OLSZEWSKI: The state goes and inspects barber shops in the Commonwealth of Pennsylvania. If we can inspect barbershops for proper equipment, I don't know why we can't inspect dental offices. It just seems a bit absurd that we don't.
That's not all that seems absurd to Olszewski. While the DA got a second-degree felony conviction against Dr. Mazula, the state dental board -- which wouldn't talk to us because of a related investigation -- merely suspended his license. Now that suspension has passed. Today, Dr. Mazula -- who also wouldn't talk on-camera -- is eligible to get his license back, meaning he could return to practicing dentistry while still on probation for the involuntary manslaughter of Jonathan Walski.

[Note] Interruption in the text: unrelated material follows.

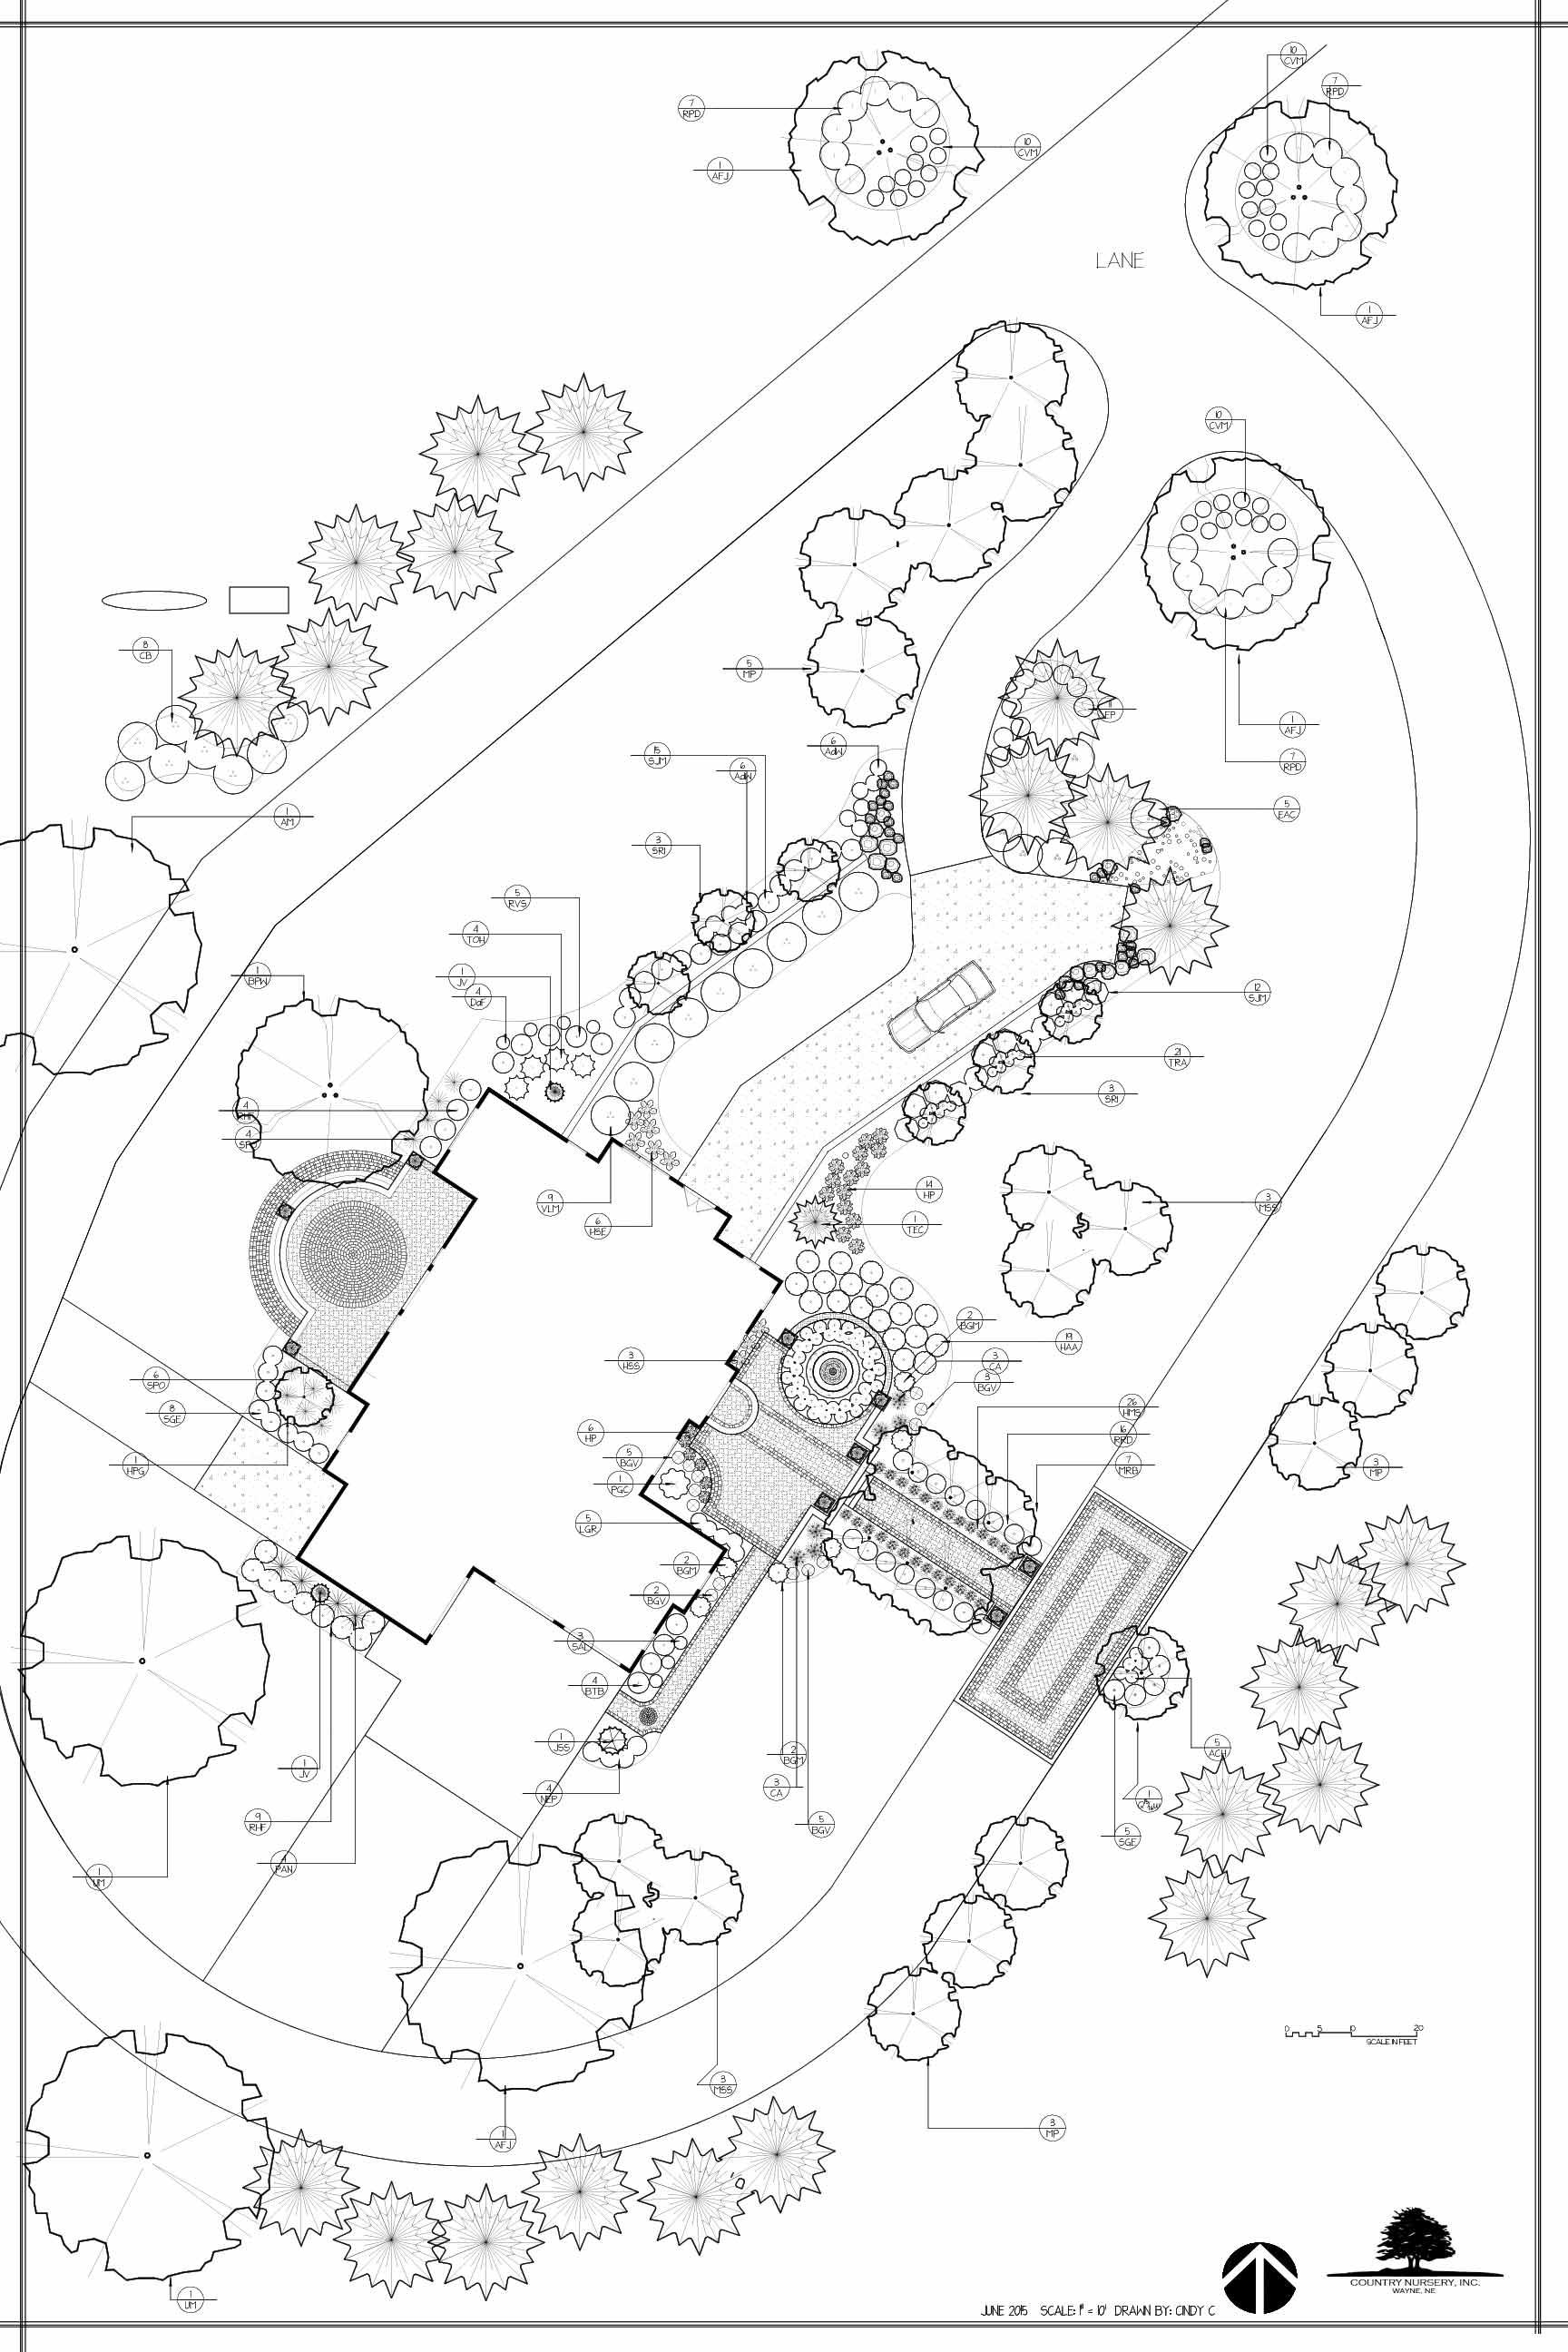 Landscape designs country nursery wayne ne blueprints landscaping designs architecture malvernweather Image collections

OLSZEWSKI: I think the dental board really needs to reevaluate itself and has to ask itself what kind of consequences are there for oral surgeons and dentists who act as recklessly and with such total disregard for the safety of a young child to kill the child? What comes of that? The answer as demonstrated by the board is not much.

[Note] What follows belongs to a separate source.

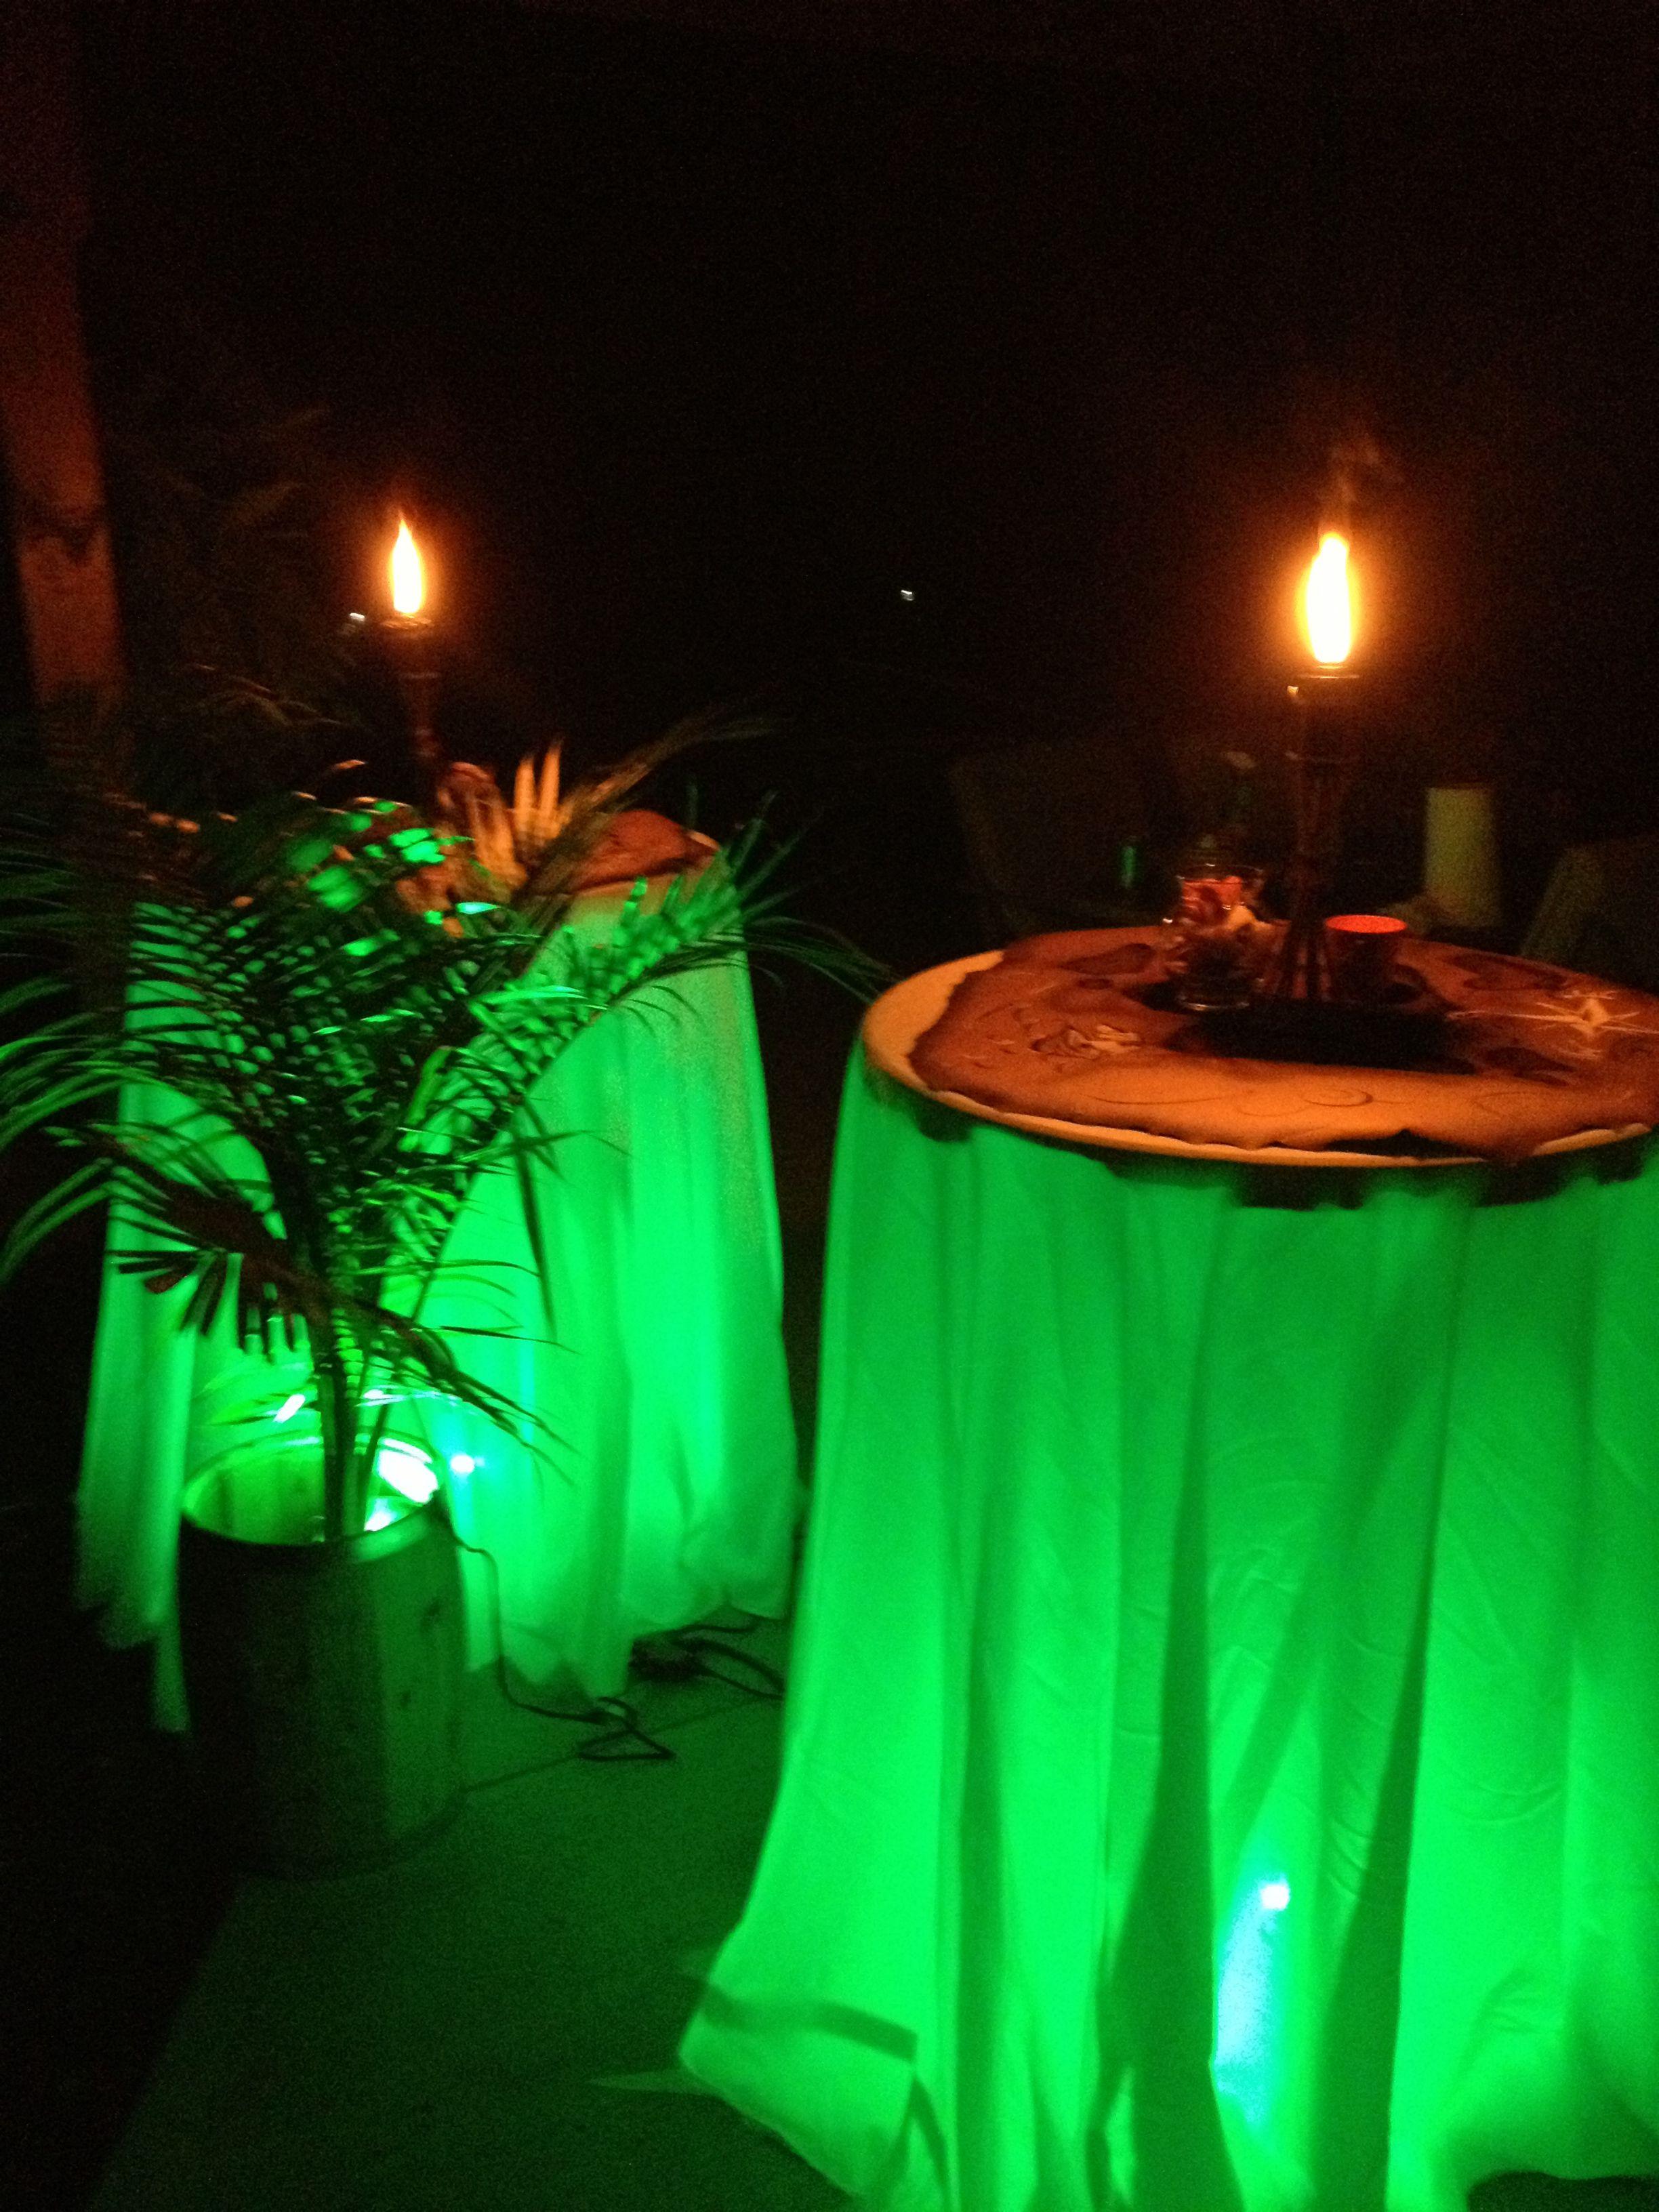 Underlit Tables For A Luau Party Luau Tableideas Weddingtables

MABREY: What were they doing? Just protecting one of their own?
OLSZEWSKI: I think that's certainly an argument that can be made. And if the board wants to take the position that this is the kind of person we want to practice dentistry in the Commonwealth of Pennsylvania, God help all of us.
Even with the deaths and serious injuries, the debate among dentists isn't whether children should be sedated at all, but who should be doing it. Most medical fields recognize anesthesia as a specialized area of care. Even veterinarians have a specialty. Dentists do not. To find out why, we asked Dr. Tim Rose, president of the American Dental Association.

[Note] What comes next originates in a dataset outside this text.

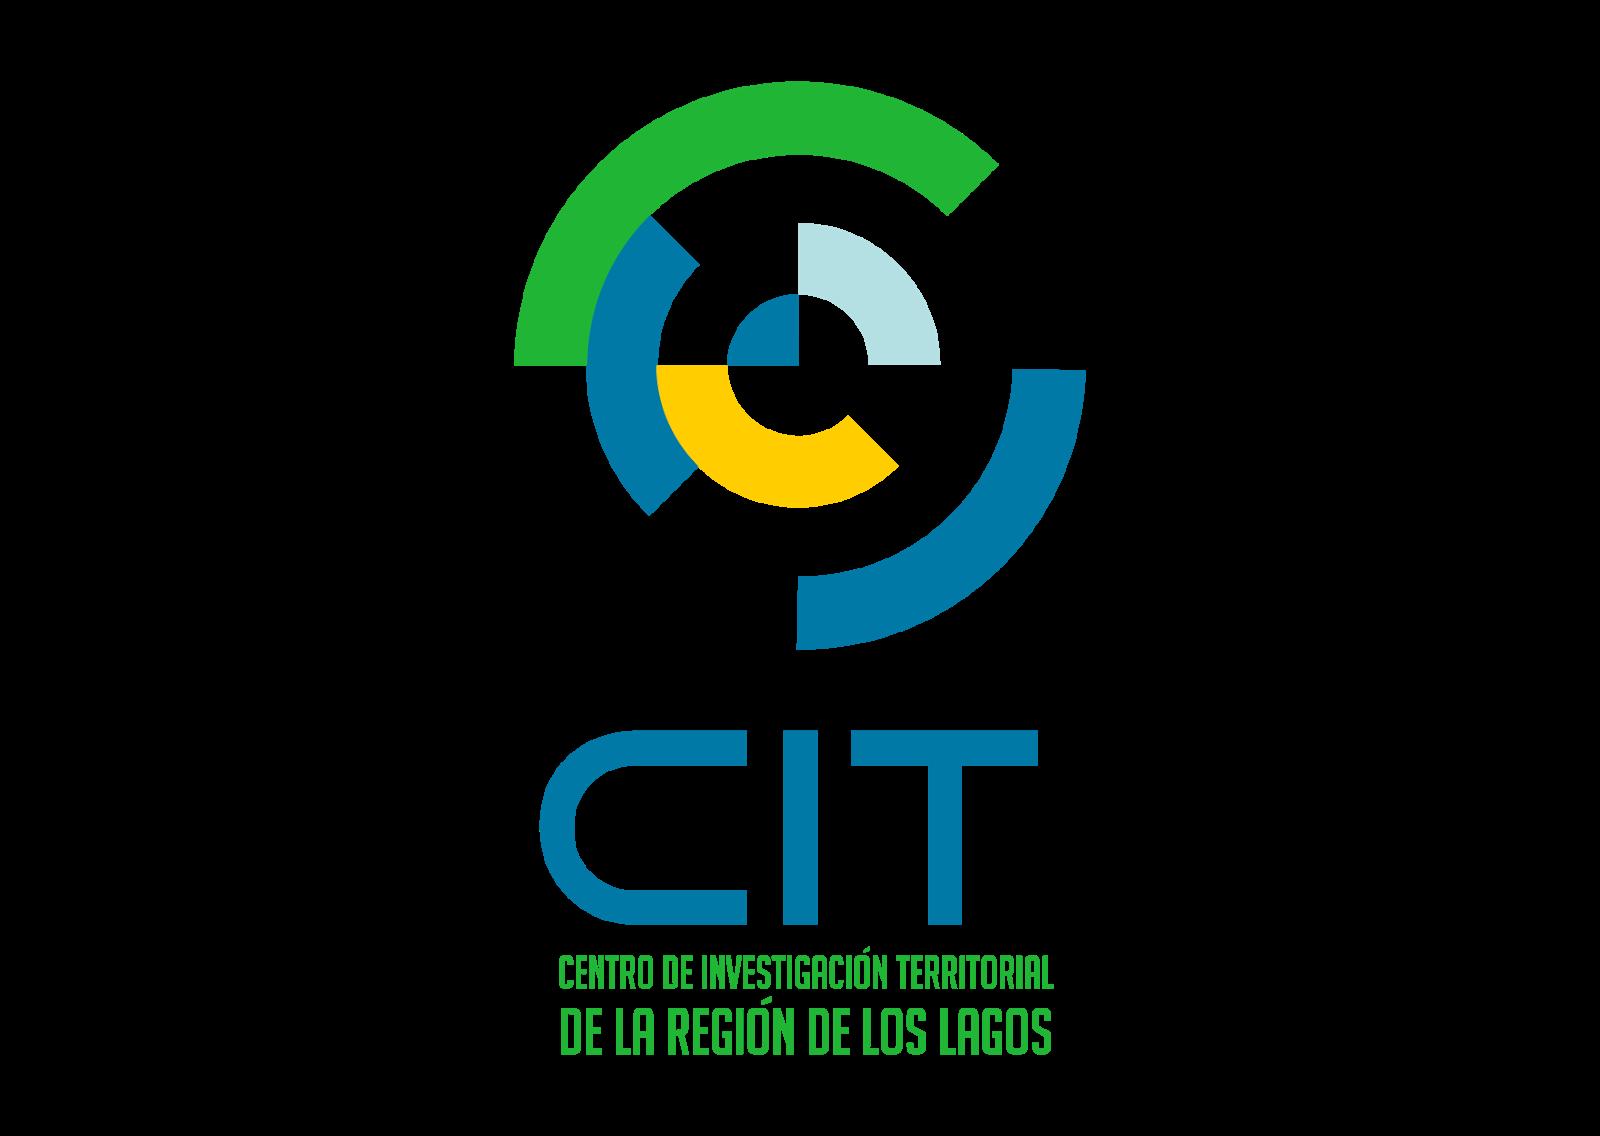 Cit Logo Vector - Cit Vector, Transparent background PNG HD thumbnail

MABREY: Other disciplines do recognize anesthesiology. I mean, even veterinary medicine. Is it more important to anesthetize my cat than it is to anesthetize a child?
ROSE: The issue here is not whether you're going to anesthetize your cat or a child. And the sense of the American Dental Association now is that there's ample opportunity and ample availability of certified, regulated, controlled and trained professionals to deliver that kind of care.
MABREY: The Walskis and the Shimshocks are educated people. They thought they were doing what was best for their children. How did their children end up dead, and the ADA is not taking a leading role in saying, "We need to make sure that this is a specialty?"
ROSE: We don't have within the dental profession a need for those people. We have people that are currently trained to deliver those kinds of services. There's also an abundant number of anesthesiologists in the medical community can do these same types of procedures.
And most of the dentists and oral surgeonwe talked to agreed. They say cases like these are rare. But for people like the California Dental Board's Dr. Hartman, even one death is too many. For them, the issue is simple -- each child who walks into a dentist's office should walk out.
HARTMANN: A child doesn't have to die in a dental office, and especially if it was a child that was being treated negligently and because the practitioner didn't know what they were doing. We don't want any deaths in the dental office. We don't need any deaths in the dental office.
DAVID WALSKI: They winged it. That's what they did, is they winged it. They knew that they didn't have the equipment with them necessary to do a three-year-old child. And they winged it. To me, that was a lack of concern for us and for their other patients that went through the same procedure probably, but were lucky. And they came home with their children.